Poi, soddisfatta del suo lavoro, tornò tranquillamente a dormire.


Note noiose:
- Quando Gellert dice che se si fosse saputo della sua relazione con un giovane compagno di scuola sarebbe stato arrestato, secondo le leggi dell’epoca nell’Impero Germanico, non sta affatto esagerando; tutta la parte di storia che riguarda l’espulsione di Gellert si rifà ad una legge veramente esistente, chiamata Paragrafo 175. Questa legge, che rende gli atti omosessuali un reato penale, è stata in vigore in Germania (in diverse forme) fino al 1994. Il Paragrafo 175 ha anche fatto sì che, alla fine della Seconda Guerra Mondiale, i prigionieri detenuti nei lager per omosessualità non potessero accedere ai rimborsi previsti per i perseguitati dal regime nazista senza rischiare di fatto di essere nuovamente imprigionati; come del resto è capitato a moltissimi prigionieri, che sono stati liberati dai campi di concentramento solo per finire di scontare in prigione la loro pena. Inoltre, sia a livello carcerario che successivamente nei lager, i detenuti per omosessualità avevano il tasso di mortalità tra i più alti in assoluto. Paradossalmente all’epoca Gellert avrebbe corso meno rischi se fosse stato accusato formalmente di lesioni o aggressione, che di omosessualità.
- La frase che fa da titolo è il verso di chiusa della poesia “Two Loves”, di Lord Alfred Douglas. “L’amore che non osa dire il suo nome” è un’espressione comunemente usata ancora oggi per definire l’omosessualità; l’ho usata per la vicinanza tematica con la citazione che apre la fic, che era il mio prompt, (e che non conoscevo prima di cimentarmi in questo contest) ma che me l’ha subito ricordata. E’ abbastanza plausibile che Albus e Gellert la conoscessero, per altro; deve la sua fama all’essere stata usata pochi anni prima dell’estate di Godric’s Hollow, nel 1895, durante il processo ad Oscar Wilde; Lord Alfred Douglas, più noto come Bosie, era all’epoca l’amante di Wilde.

 


Infine, quello che segue è il giudizio ottenuto dalla fic nella prima fase del "More than two months of insanity - Grindeldore Chantest", indetto sul Forum da aGNeSNaPe.

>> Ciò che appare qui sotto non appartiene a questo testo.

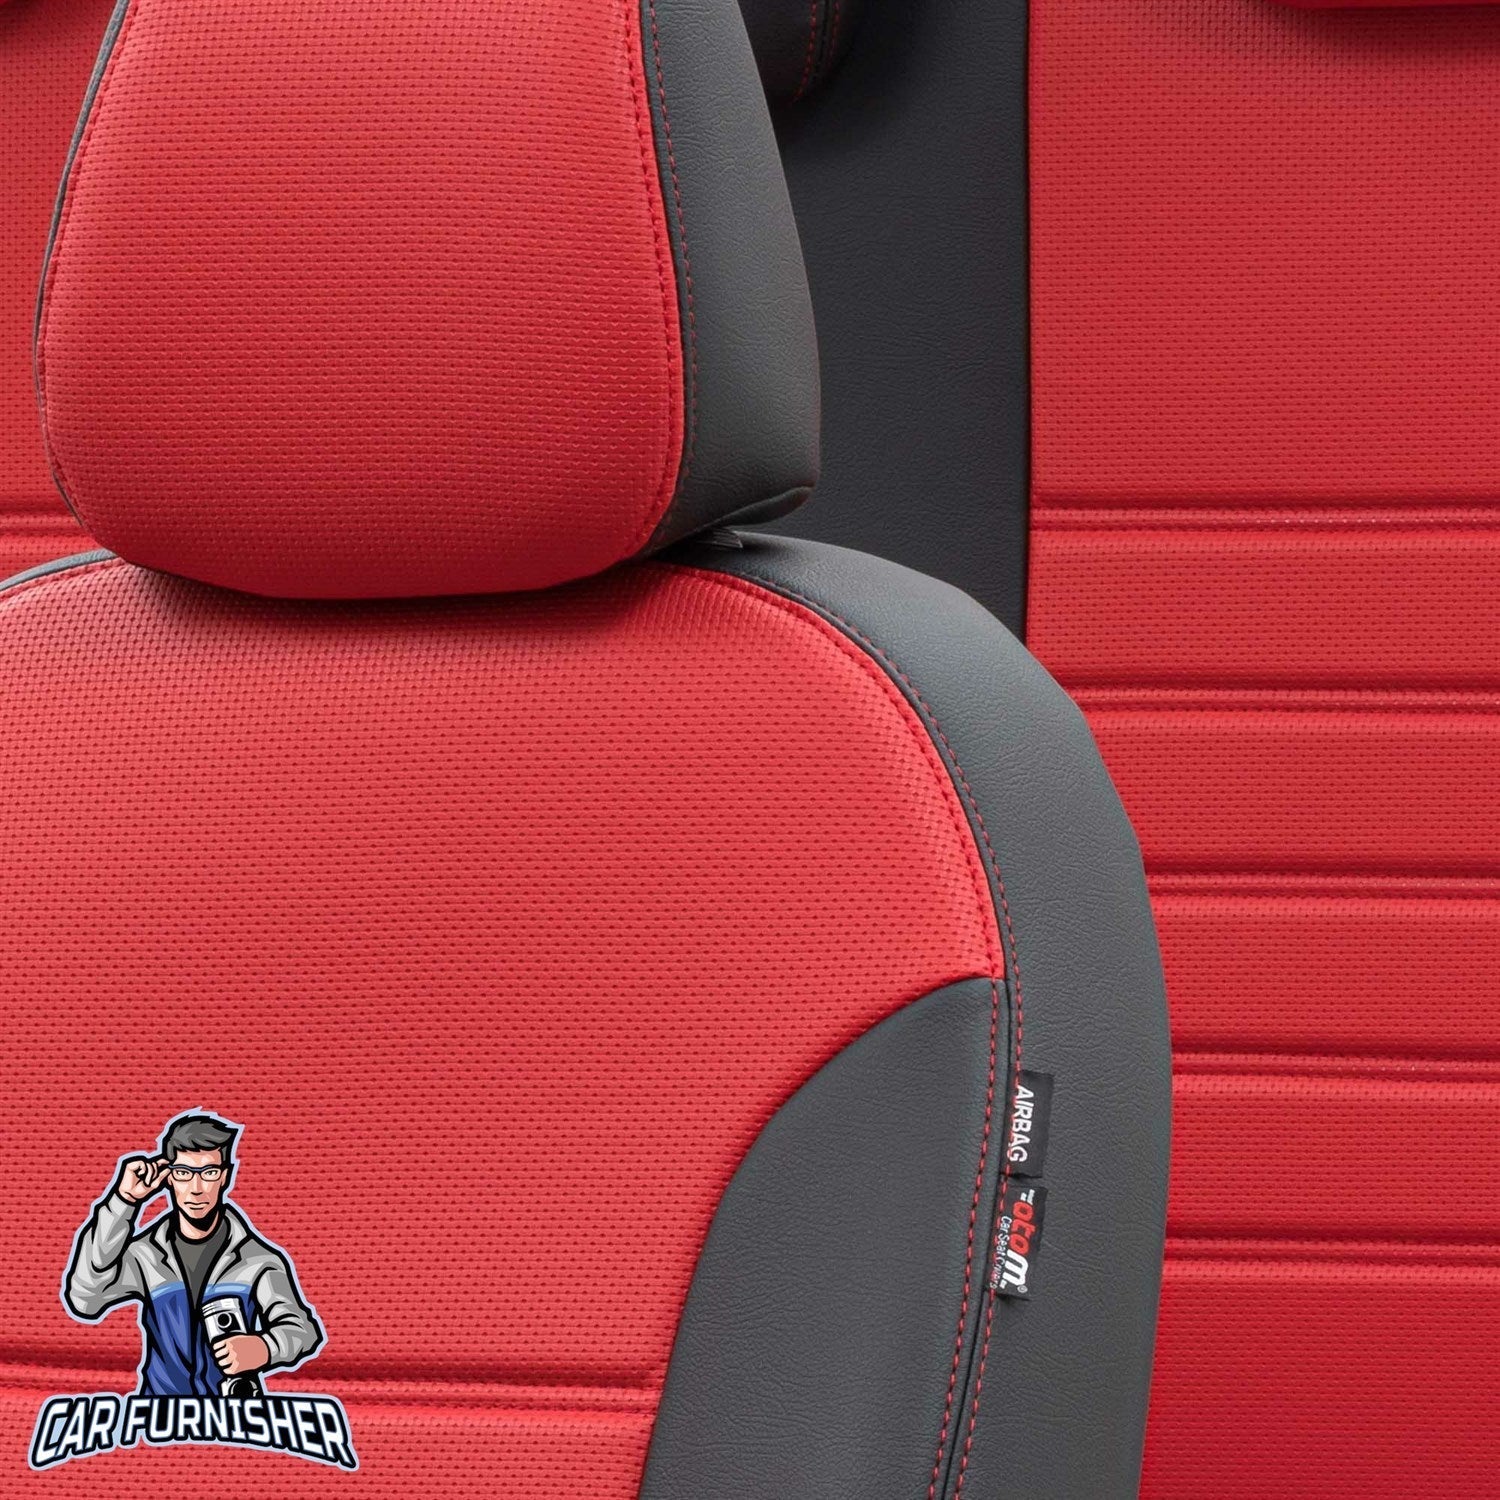 Fiat Linea Car Seat Covers 2007-2017 New York Design Red Full Set (5 Seats + Handrest) Leather & Fabric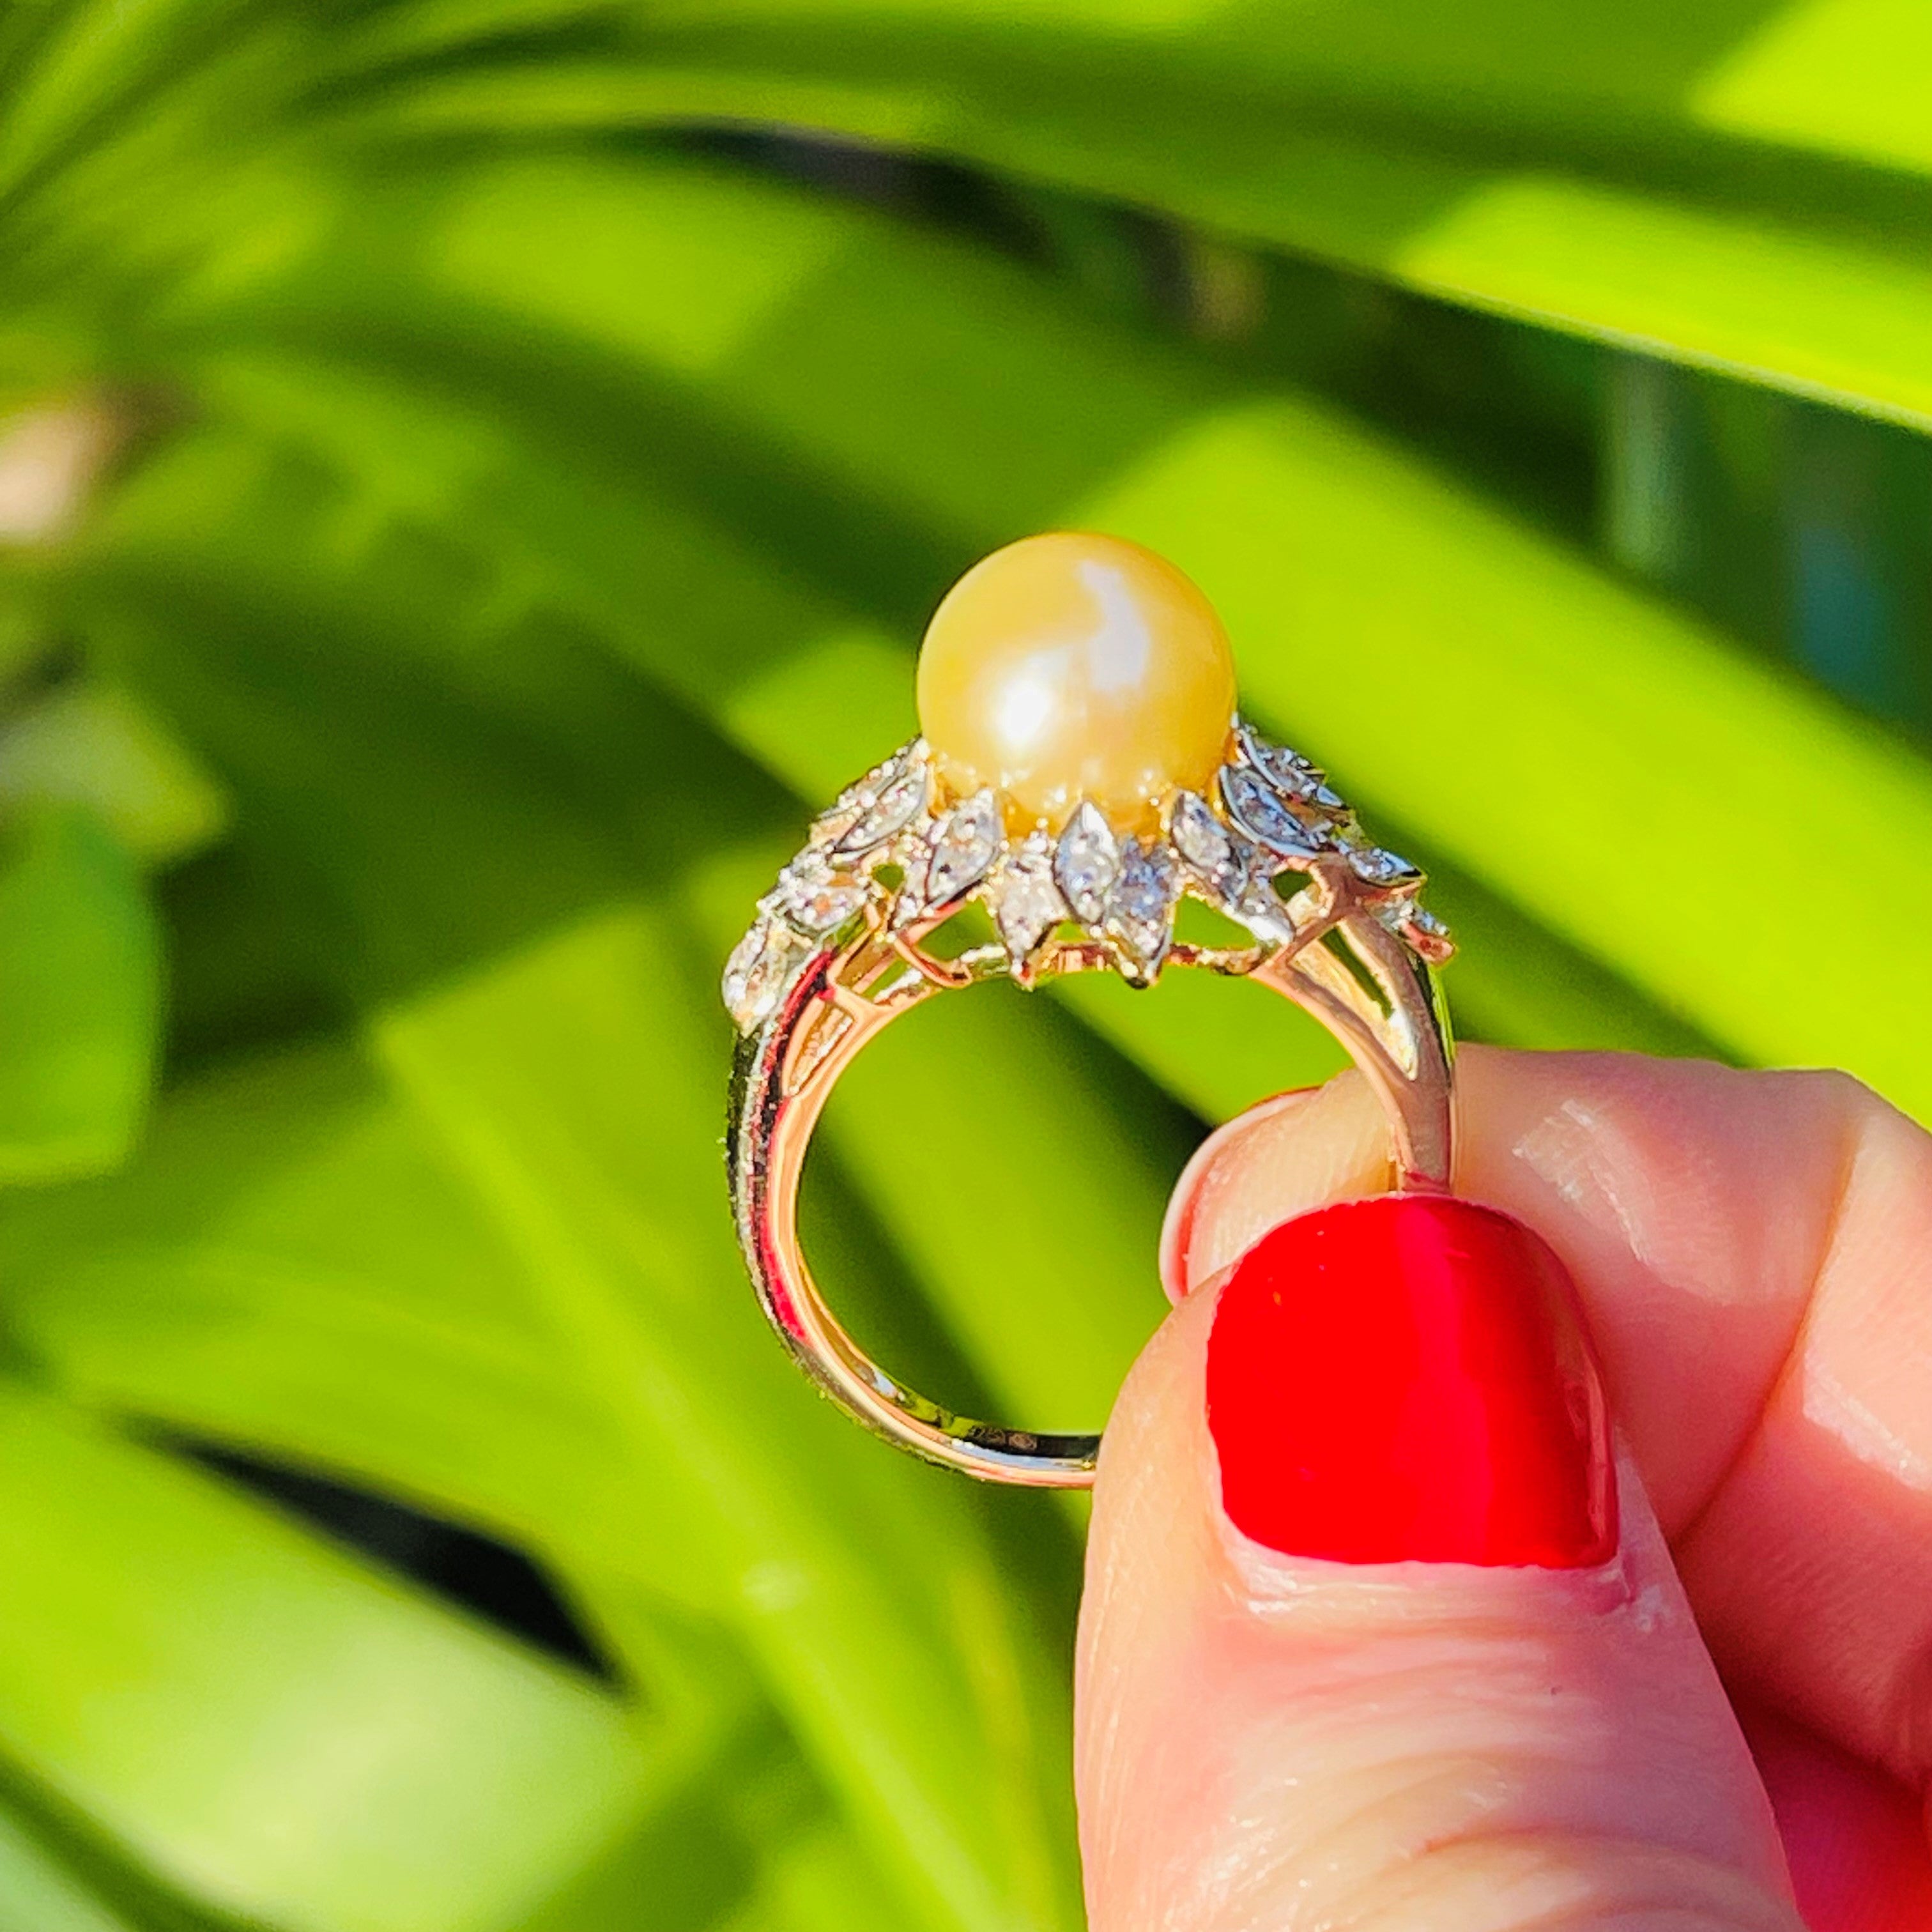 Diamond and Pearl Dress Ring

Miki - The love that dare not speak its name

Grammatica 2/2
Stile 1.5/2
Caratterizzazione e IC 2/2
Originalità 2/2
Prompt 1/1
Gradimento personale 1/1

9.5

Dunque. Grammatica impeccabile come al solito. Lo stile zoppica un po’ al secondo punto, ma nemmeno più di tanto. La caratterizzazione e l’IC sono perfetti, come sempre; ho adorato l’ultima parte, con Ariana che si preoccupa dei due senza curarsi del tipo di amore che stanno vivendo. Appena una nota, ma bellissimo, il fatto che Abe si sfoghi con il lavoro; l’ho trovato profondamente IC. L’originalità deve il suo punteggio, oltre che alla dolcissima scena finale, al racconto di Gellert, che suggerisce il motivo della sua cacciata da scuola. Anche il muoversi sulla tematica dell’amore omosessuale è perfetto: non è facile parlare di questi temi, ma tu ci sei riuscita con la solita leggerezza (non nel senso di superficialità, ma come contrario di pesante). Bello a questo proposito anche la premura benpensante di Bathilda, che si convince che il suo ragazzo è stato trascinato in questa brutta storia da altri. Per quanto riguarda il prompt, ottimo! Mi è piaciuta molto l’interpretazione che ne hai dato; presumo che la “vergogna“ di cui parla Rilke non sia altro che riserbo, ma è bello come l’hai letta in chiave “caccia agli omosessuali”.